The signal is amplified by the involvement of cAMP and the resulting phosphorylation. The process is modified by prostaglandins. Other cellular regulators are participate are the intracellular calcium concentration modified by phospholipase, nitric acid, and other growth factors.
The FSH receptor can also activate the extracellular signal-regulated kinases (ERK). In a feedback mechanism, these activated kinases phosphorylate the receptor. The longer the receptor remains active, the more kinases are activated, the more receptors are phosphorylated.
In the ovary, the FSH receptor is necessary for follicular development and expressed on the granulosa cells.
In the male, the FSH receptor has been identified on the Sertoli cells that are critical for spermatogenesis.
The FSHR is expressed during the luteal phase in the secretory endometrium of the uterus.
FSH receptor is selectively expressed on the surface of the blood vessels of a wide range of carcinogenic tumors.
Upregulation refers to the increase in the number of receptor site on the membrane. Estrogen upregulates FSH receptor sites. In turn, FSH stimulates granulosa cells to produce estrogens. This synergistic activity of estrogen and FSH allows for follicle growth and development in the ovary.
The FSHR become desensitized when exposed to FSH for some time. A key reaction of this downregulation is the phosphorylation of the intracellular (or cytoplasmic) receptor domain by protein kinases. This process uncouples Gs protein from the FSHR. Another way to desensitize is to uncouple the regulatory and catalytic units of the cAMP system.
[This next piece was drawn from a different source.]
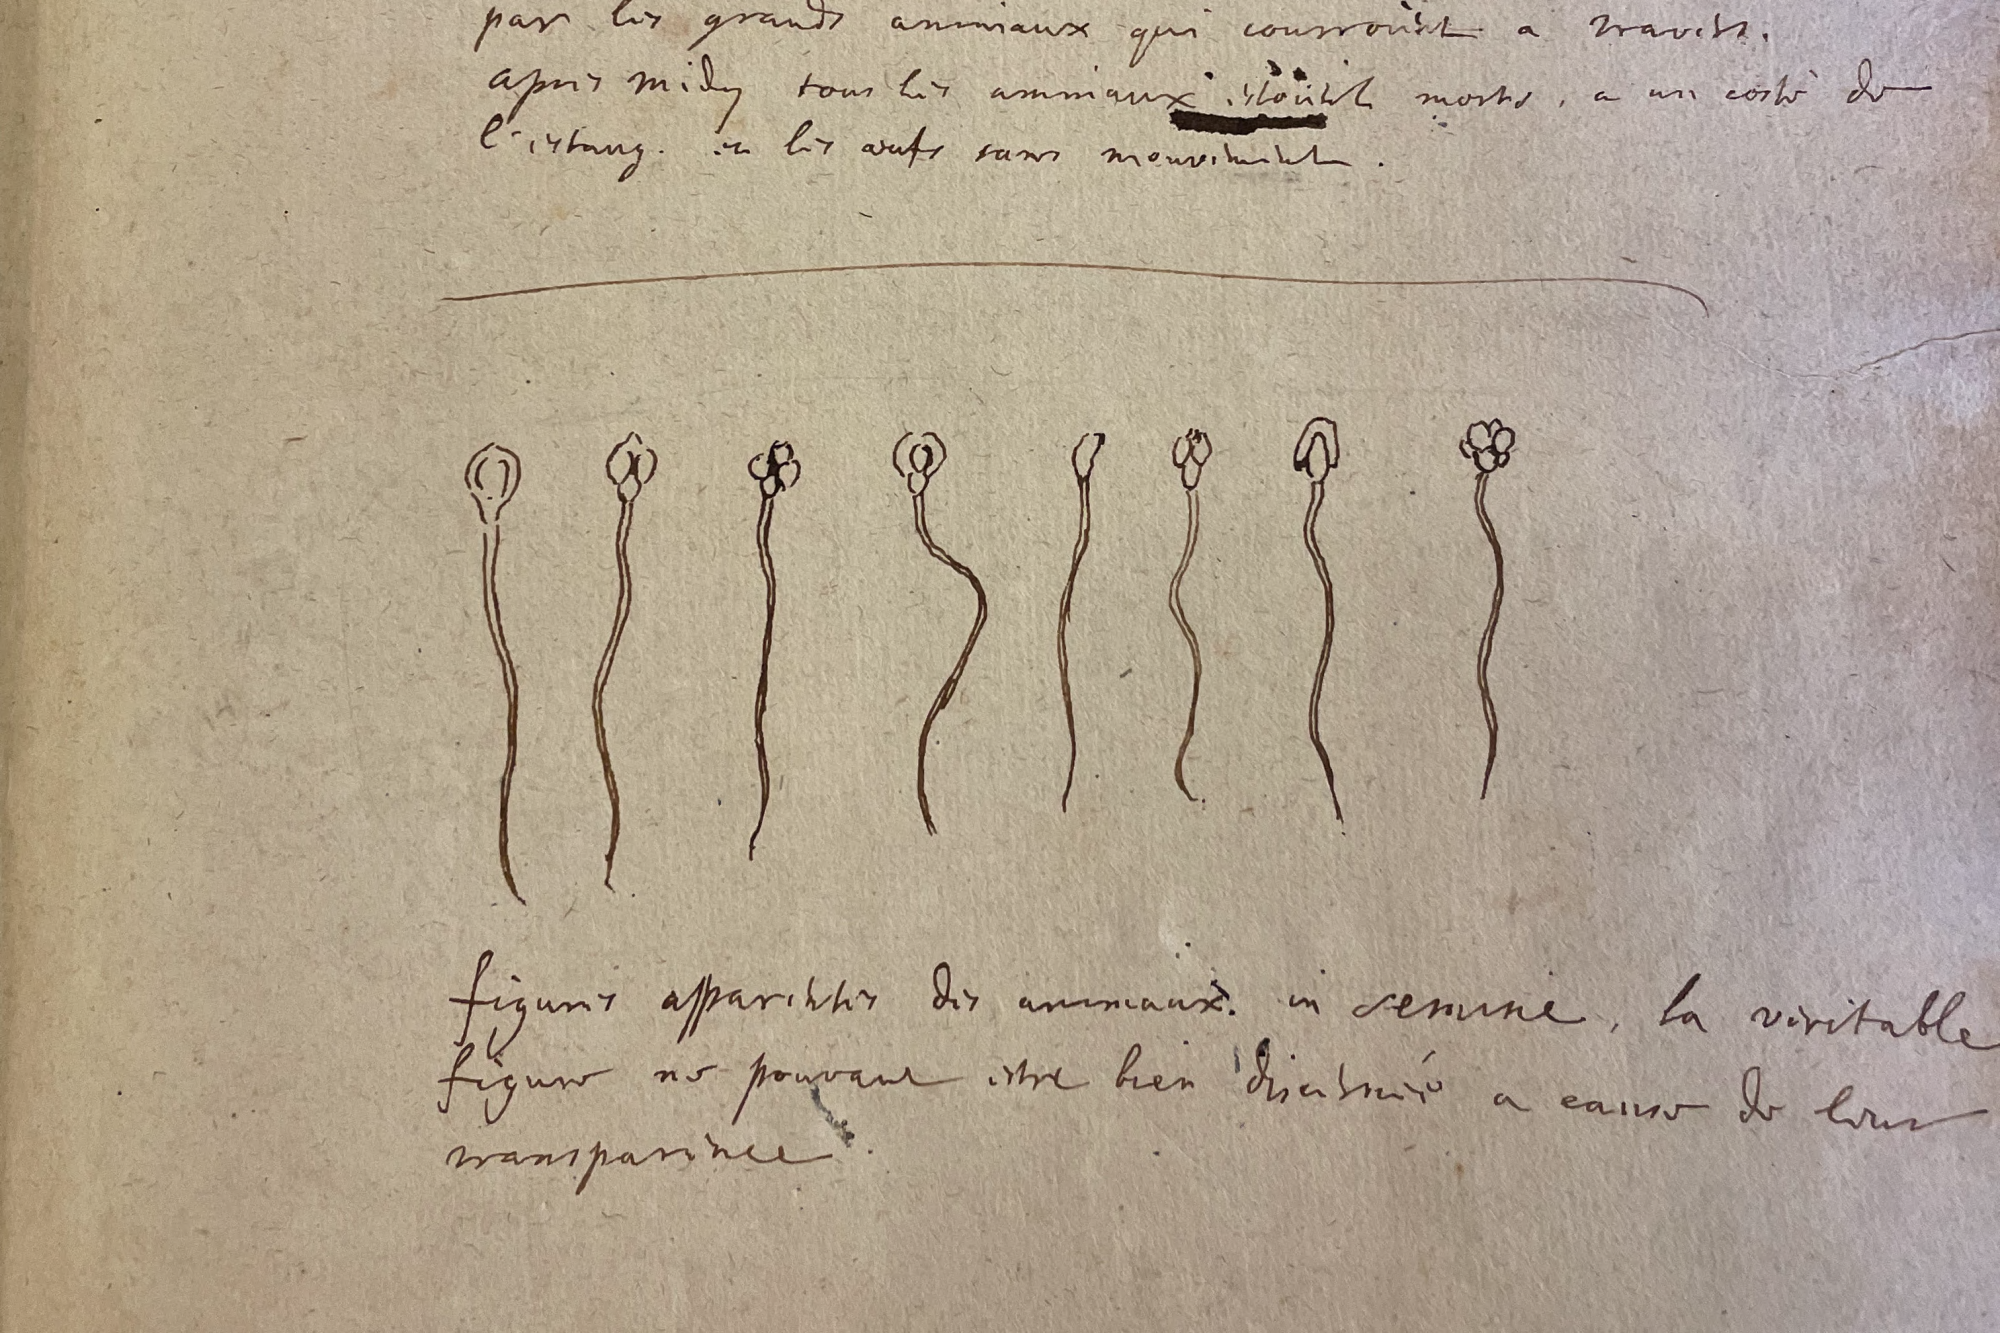 Huygens' observations with micropscope on sperm in Liber E. Fol. 61r. HUG 9. Leiden University Library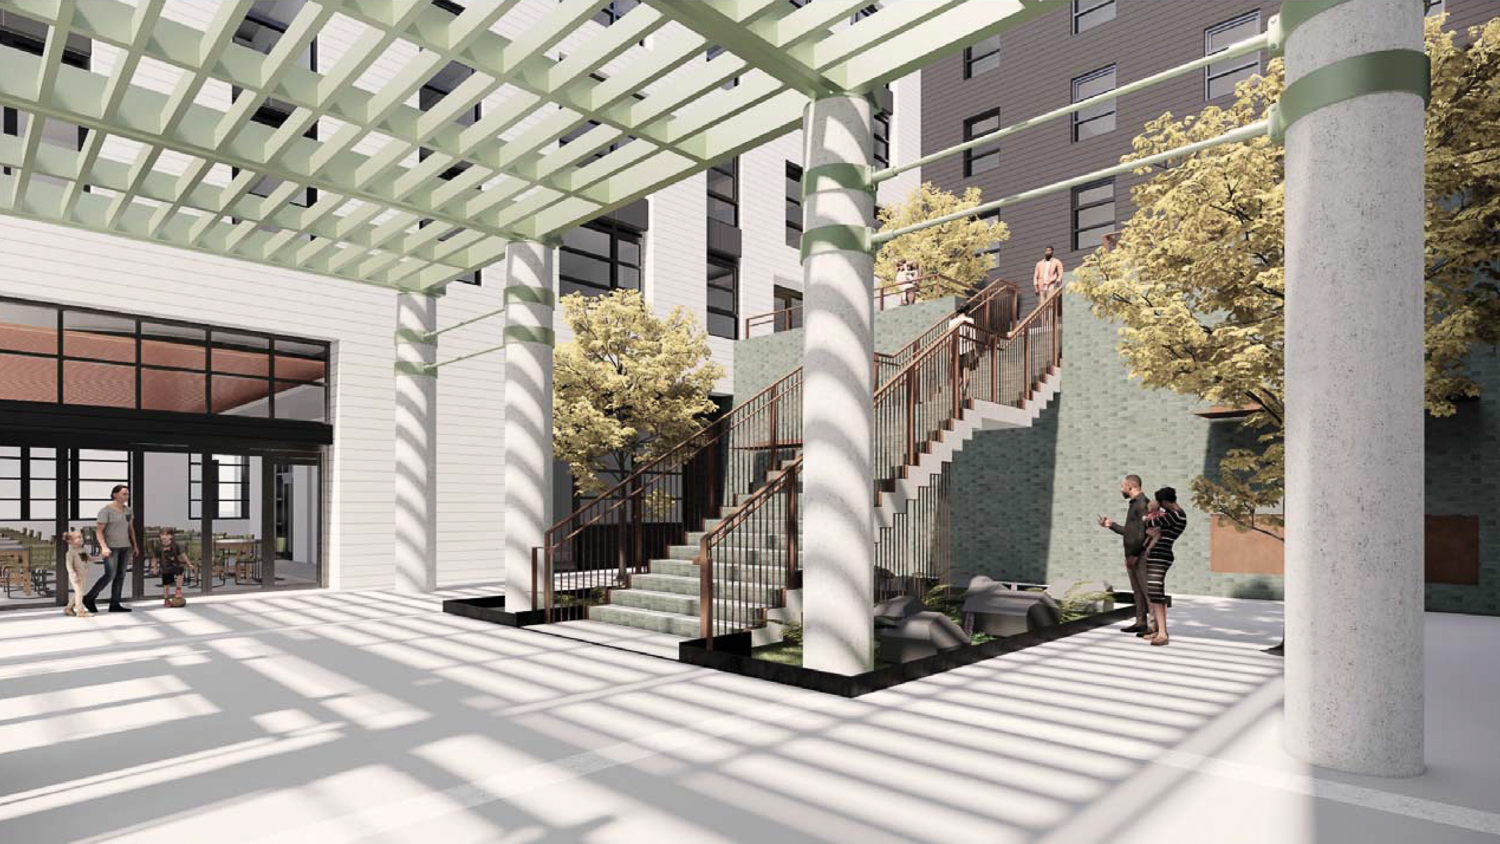 Hunters Point Shipyard Block 52 entry courtyard, rendering by Mithun

Downregulation refers to the decrease in the number of receptor sites. This can be accomplished by metabolizing bound FSHR sites. The bound FSH-receptor complex is brought by lateral migration to a "coated pit," where such units are concentrated and then stabilized by a framework of clathrins. A pinched-off coated pit is internalized and degraded by lysosomes. Proteins may be metabolized or the receptor can be recycled. Use of long-acting agonists will downregulate the receptor population.
Antibodies to FSHR can interfere with FSHR activity.
Some patients with ovarian hyperstimulation syndrome may have mutations in the gene for FSHR, making them more sensitive to gonadotropin stimulation.
Women with 46 XX gonadal dysgenesis experience primary amenorrhea with hypergonadotropic hypogonadism. There are forms of 46 xx gonadal dysgenesis wherein abnormalities in the FSH-receptor have been reported and are thought to be the cause of the hypogonadism.
Polymorphism may affect FSH receptor populations and lead to poorer responses in infertile women receiving FSH medication for IVF.
Alfred G. Gilman and Martin Rodbell received the 1994 Nobel Prize in Medicine and Physiology for the discovery of the G Protein System.